To assume that she doesn’t want to worry him is a possible explanation, the generous interpretation, but it’s also possible that she fears, not that he will no longer love her, but that he will no longer love her as he once did, that he will forever see only the fault line where she cracked, now held together with Krazy Glue. Instead, she says, “I know.”

“You know?” Albie’s voice is light, almost teasing. “What do you know?”

And Bunny says, “I know about Muriel.”

Albie has never flat-out lied to her before, never bold-face lied to her, and he isn’t about to bold-face lie to her now. He needs to explain to her that, counterintuitive as it might sound, when he is fed up and tired and at his wit’s end, a respite with cool, no-nonsense Muriel releases his frustration and refuels his patience.

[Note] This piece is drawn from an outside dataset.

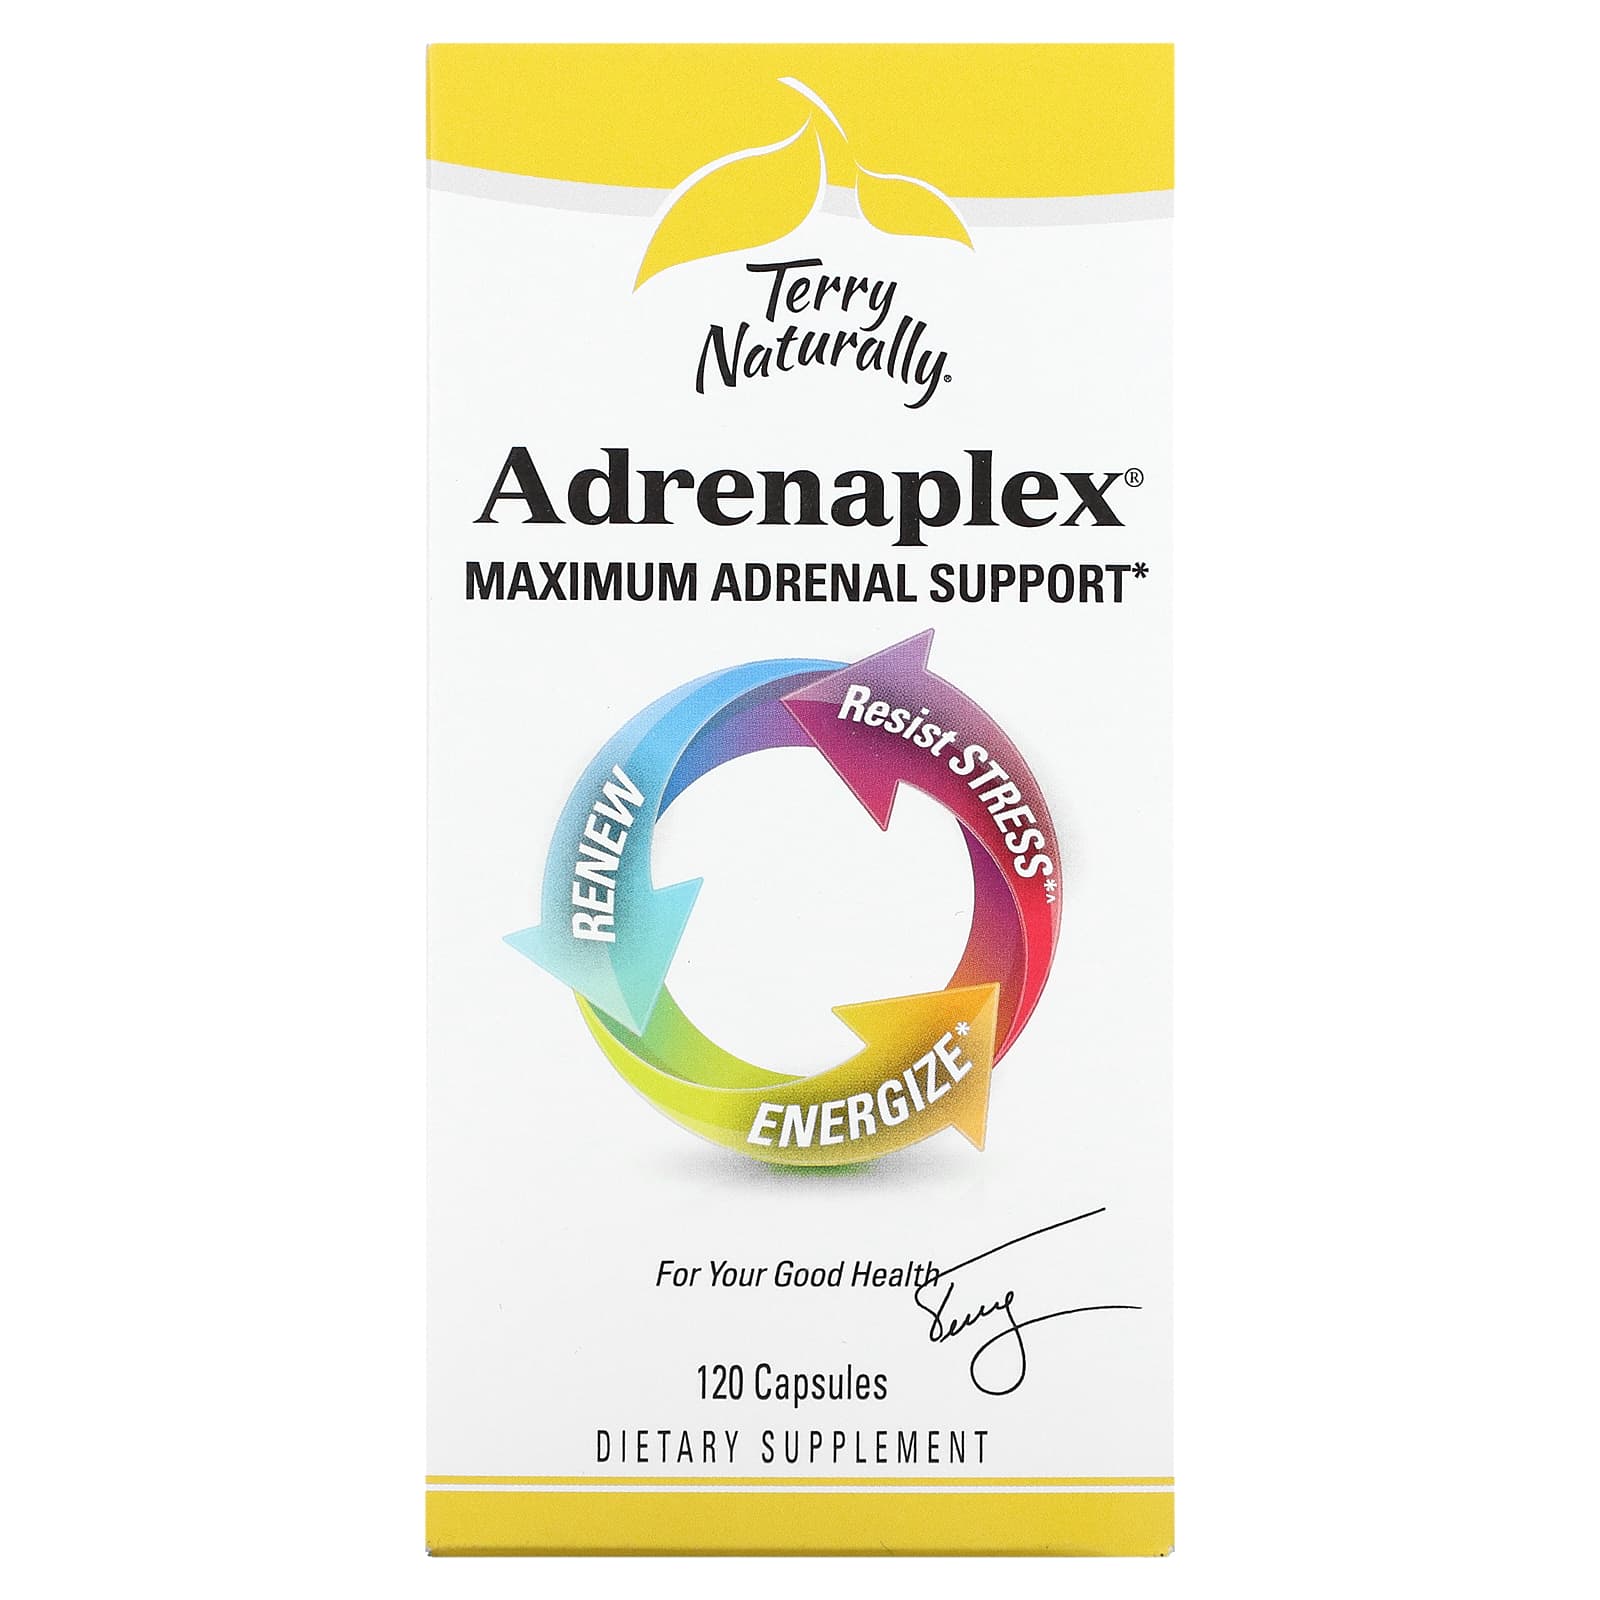 Adrenaplex® Maximum Adrenal Support*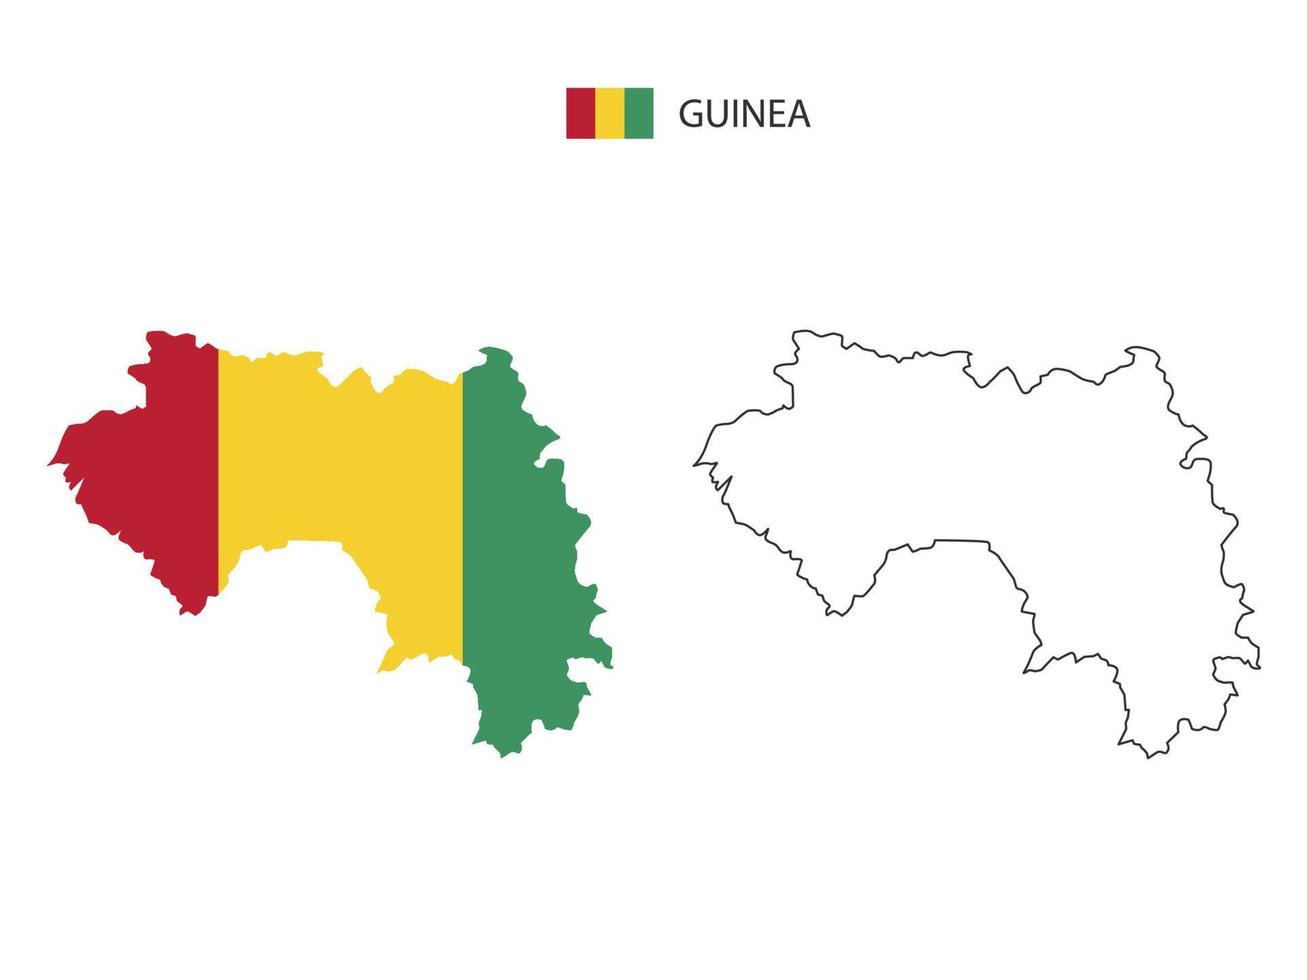 Guinea kaart stad vector verdeeld door schets eenvoud stijl. hebben 2 versies, zwart dun lijn versie en kleur van land vlag versie. beide kaart waren Aan de wit achtergrond.

Muriel reminds him why he loves Bunny; Bunny with all her surprises of unpredictable intensity and cuckoo rationality. “I’m sorry,” he says. “I love you. I really love you.” But before he can say any more about it, Bunny says, “It’s okay. I understand. I really do,” which serves as further proof that as fond of Muriel as he is, and Albie is fond of her, very fond, he could never love Muriel the way he loves Bunny, and Muriel could never love him the way Bunny does. “I don’t want to talk about it,” she says.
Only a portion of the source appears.